Case Study: Safety Assessment of Plant Layout between Ethylene Storage Tanks and Process Equipment According to Capacity and Weather Conditions

In a chemical plant, even if an explosion occurs in a storage tank that handles flammable materials, the minimum separation distance is applied in a way to prevent chain explosion. This is because when an explosion occurs in a storage tank, thermal radiation affects nearby process equipment and causes a chain explosion. The separation distance between storage tanks and process equipment in a chemical plant depends on the global engineering guidelines PIP (Process Industry Practice) PNE00003 and GAPS (Global Asset Protection Services) GAP.2.5.2. However, there is a limitation in the global engineering guidelines that provide only a consistent separation distance according to the item types without considering the storage capacity and climatic conditions around the storage tank.

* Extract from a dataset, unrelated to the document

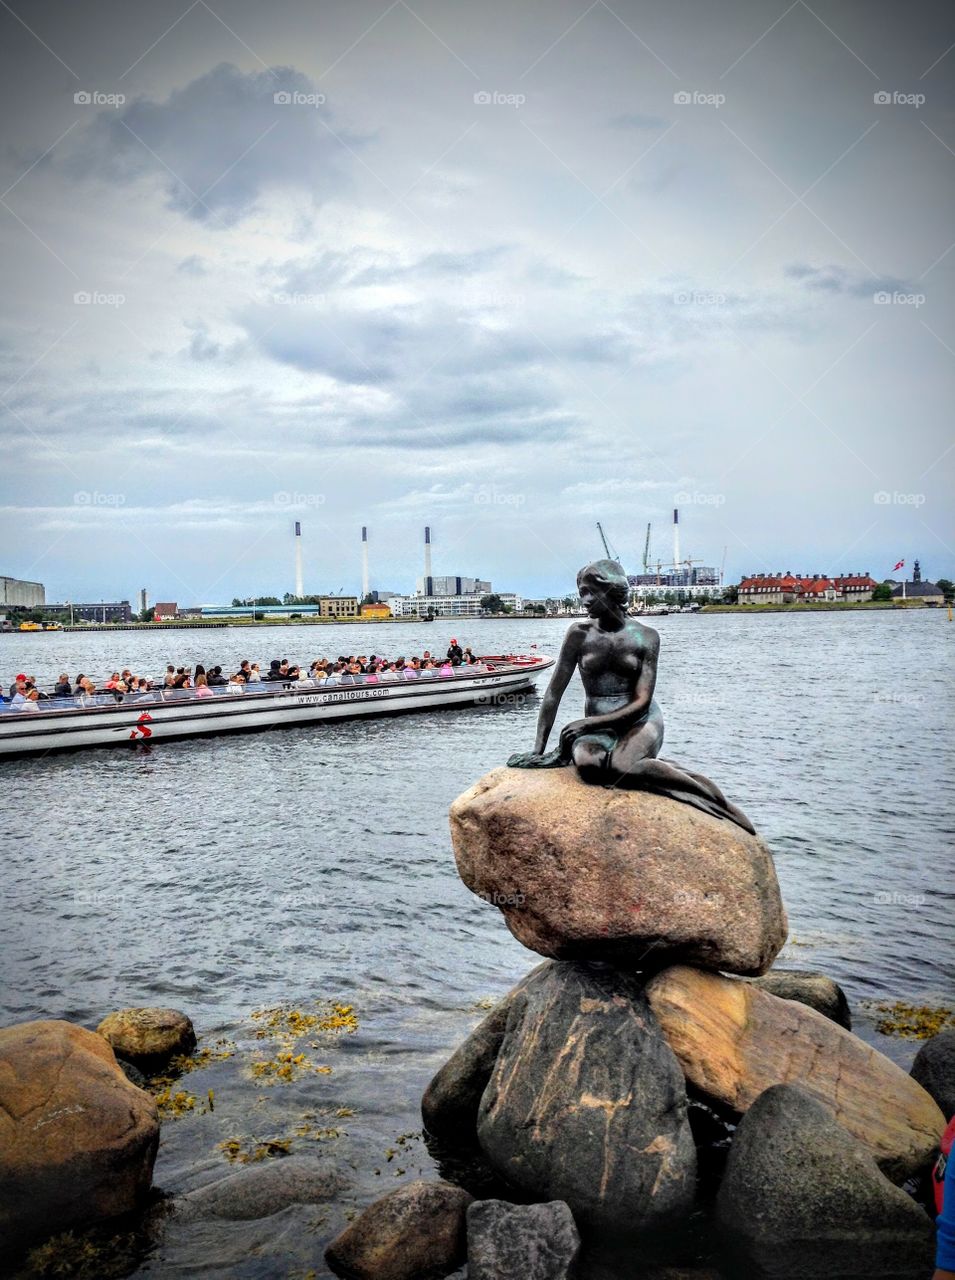 The little mermaid statue 
Copenhagen

This study analyzed the distance of thermal radiation (up to 37.5 kW/m2) according to the capacity of ethylene storage tank and climatic conditions by utilizing the Phast (DNV GL), which is widely used as a tool for quantitative risk analysis. The accident scenario was applied using the U.S. EPA (Environment Protection Agency)’s worst leakage accident scenario, considering climate variables, air temperature, wind speed, and atmospheric stability. In the simulation, atmospheric stability did not affect the radius of thermal radiation. Moreover, the thermal radiation tended to increase with increase in wind speed in the ambient condition and winter, but not in summer. Because both PIP PNE00003 and GAP.2.5.2 yield consistent separation distances without considering storage capacity and weather conditions, quantitative risk analysis of the results of thermal radiation is necessary to ensure safety.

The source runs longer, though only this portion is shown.